Assistant Examiner: Einsmann; Margaret V.
Attorney, Agent or Firm: Oliff & Berridge
Claims
What is claimed is:
1. A method of producing a porous vitrified grinder comprising: blending
melamine cyanurate having a particle diameter of from 100.mu. to 600.mu.
with grinder grains and at least one binder material to produce a blend;
and applying compression molding to the blend.
2. The method of producing a porous vitrified grinder as claimed in claim
1, in which the amount of melamine cyanurate to be blended is 40% by
weight or less of the total weight of the components to be blended for
producing the grinder.
3. The method of producing a porous vitrified grinder as claimed in claim
1, in which the amount of melamine cyanurate to be blended is 30% by
weight or less of the total weight of the components to be blended for
producing the grinder.
4. The method of producing a porous vitrified grinder as claimed in claim
1, further comprising drying the shaped body after the step of compression
molding.
5. The method of producing a porous vitrified grinder as claimed in claim
4, further comprising firing the dried shaped body after the step of
drying.
Description
FIELD OF THE INVENTION
The present invention relates to a method of producing a porous vitrified
grinder and, more precisely, to that of producing a porous vitrified
grinder where melamine cyanurate is used as a pore-imparting agent.
BACKGROUND OF THE INVENTION
A grinder which is generally called a vitrified wheel grinder is one to be
produced by blending and stirring grinding grains of a main raw material
and an inorganic clay material (secondary binder) having a function of
binding such grains followed by shaping the resulting blend and sintering
it at a high temperature of about 1300.degree. C. or so. The grinder of
the kind may be grouped into the following two groups, depending upon the
difference in the blending and shaping method.

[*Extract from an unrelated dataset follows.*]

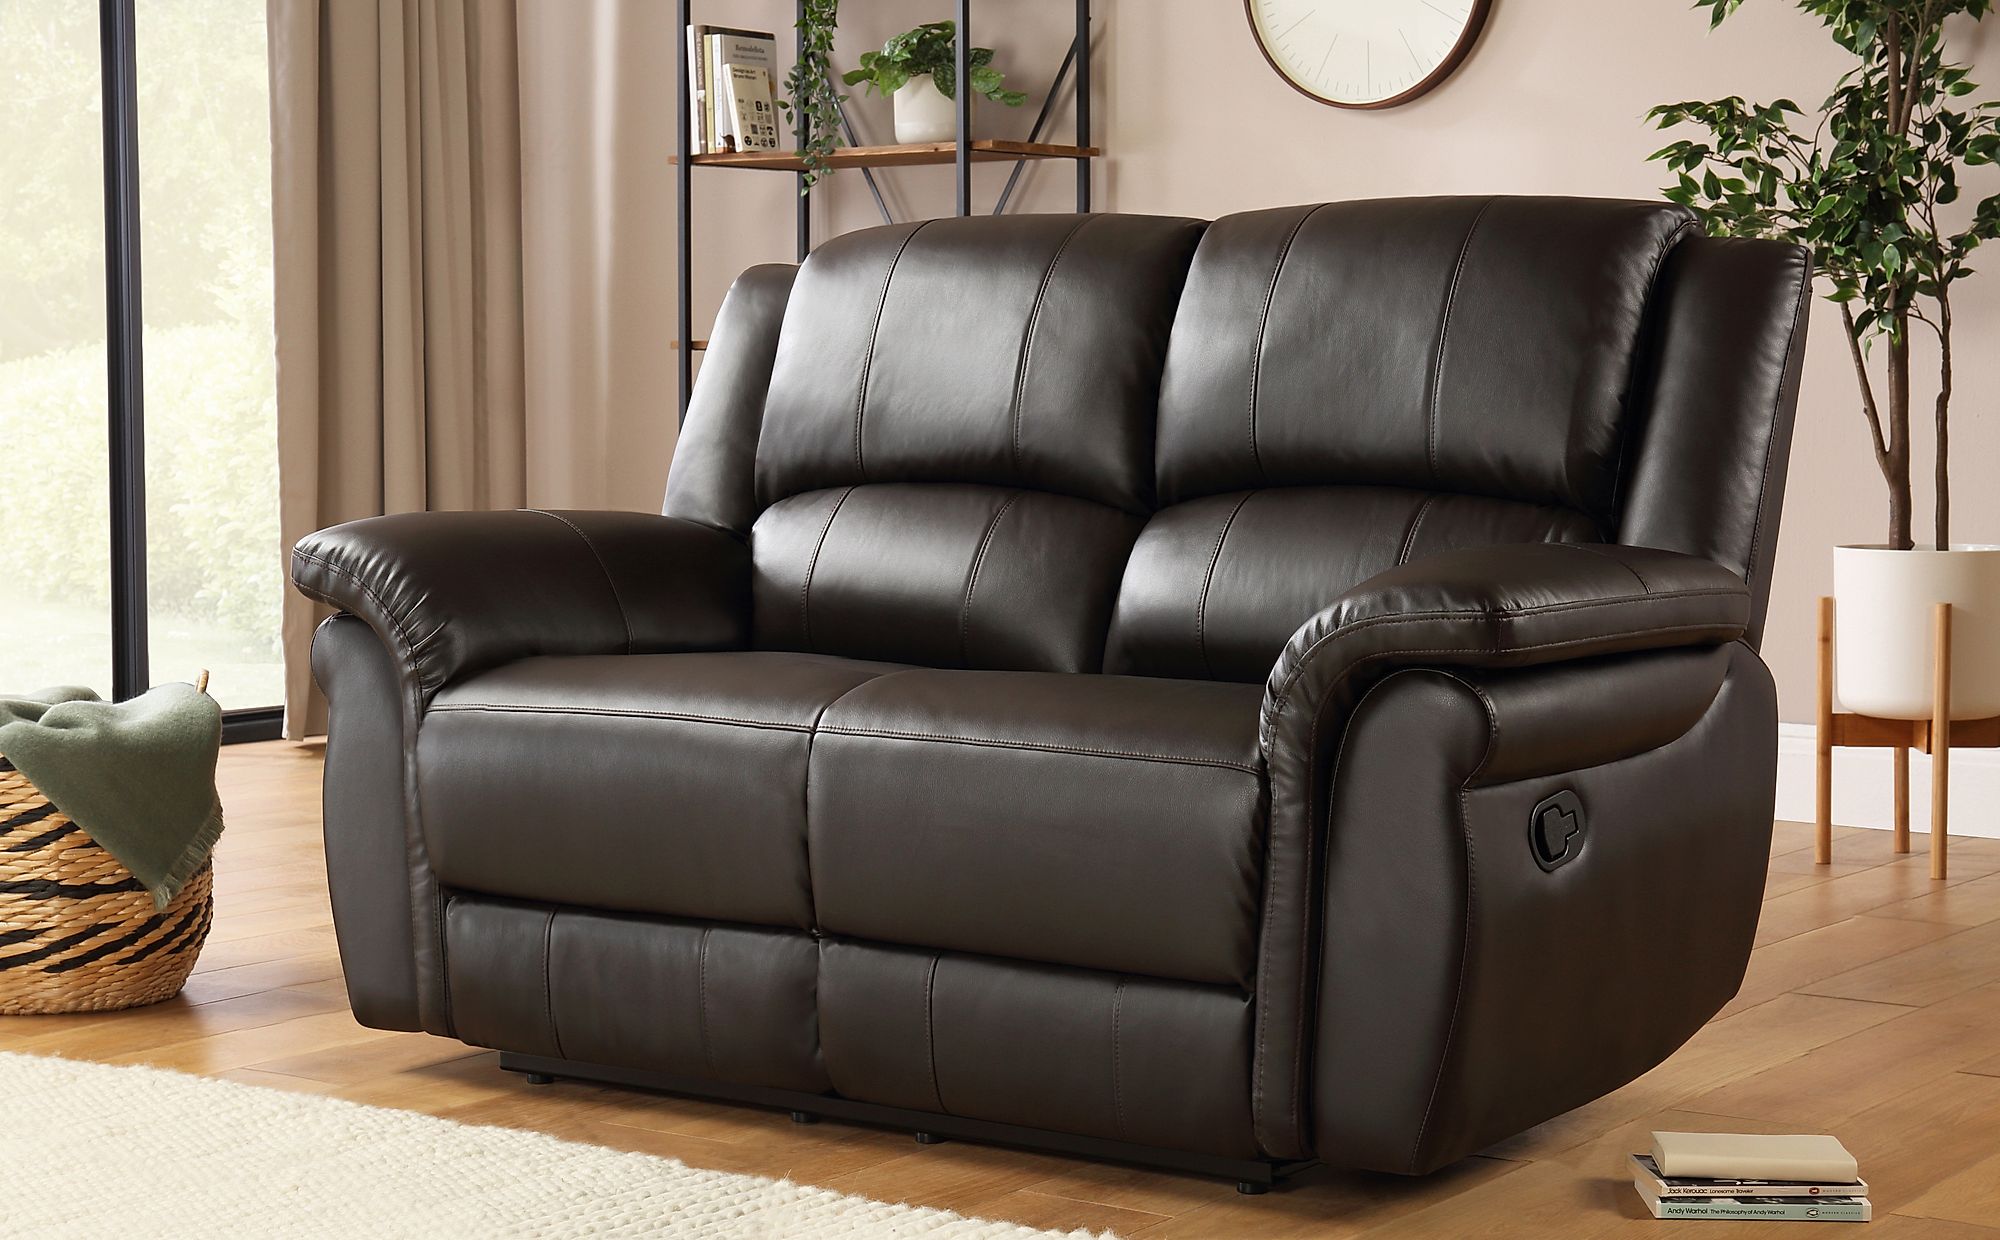 2 seat recliner sofa light brown bonded leather
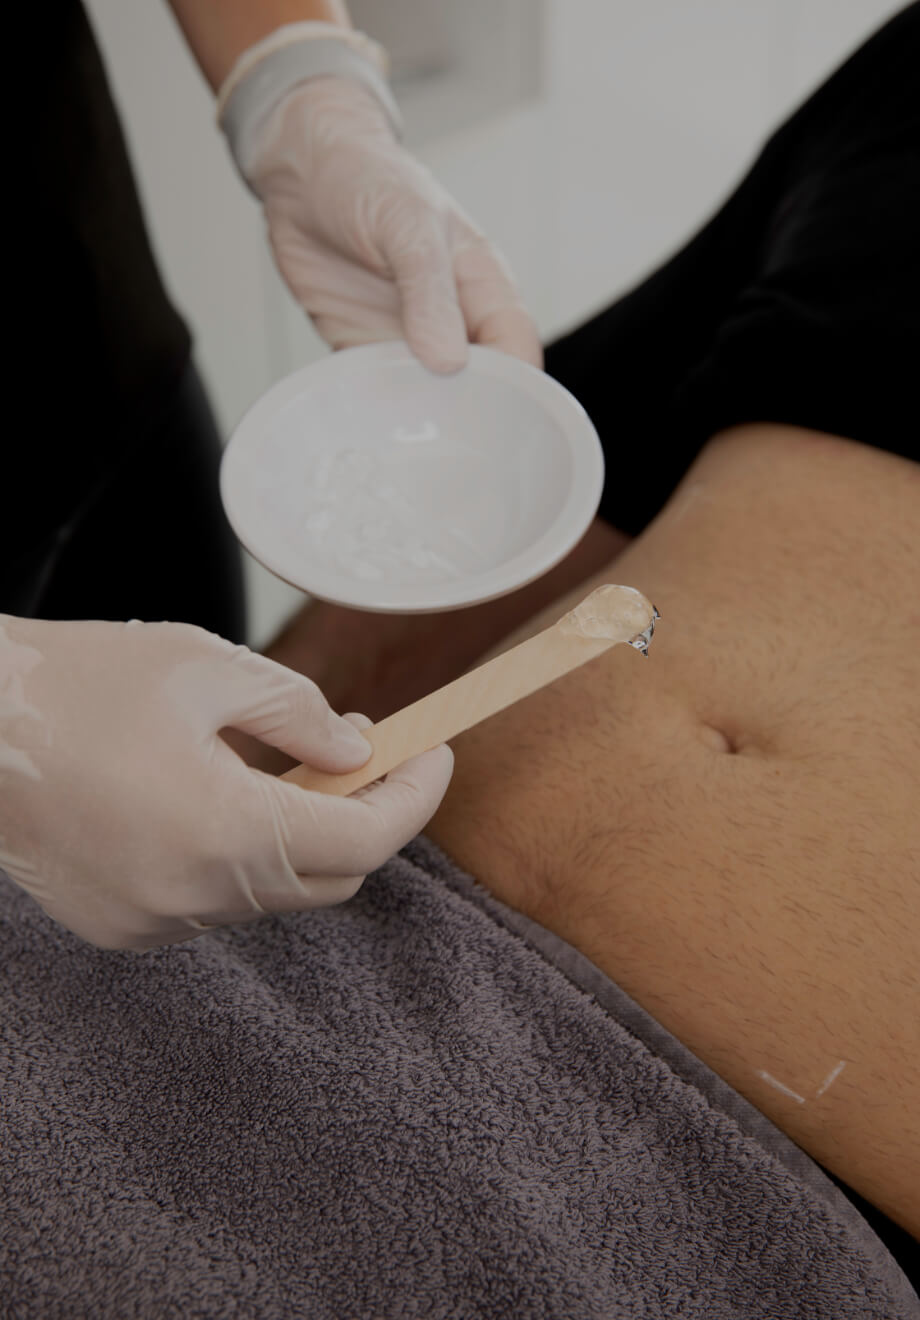 A medico-aesthetic technician from Clinique Chloé applying gel to a patient's abdomen with a wooden stick

Precisely, one is to blend and stir grinding grains and an inorganic clay
material (secondary binder) whereupon a large amount of water is added
thereto to give a slurry and the resulting slurry is cast into a
determined casting mold and dried and shaped therein (wet-stirring
cast-molding method).
The other is to blend and stir grinding grains and an inorganic clay
material (secondary binder) whereupon an extremely small amount of water
or fats or oils is added thereto along with an organic binder (primary
binder) and the resulting blend is introduced into a determined mold and
shaped therein under pressure with an oil press or the like (dry-stirring
compression-molding method).
By either of the methods, vitrified grinder products characteristically
having fine combined pores are produced. However, if the products are
needed to have much more pores, various pore-imparting agents may be added
at the step of blending or stirring so as to elevate the porosity of the
products. Porous vitrified grinders as produced by such an additional
treatment are generally called porous grinder wheels.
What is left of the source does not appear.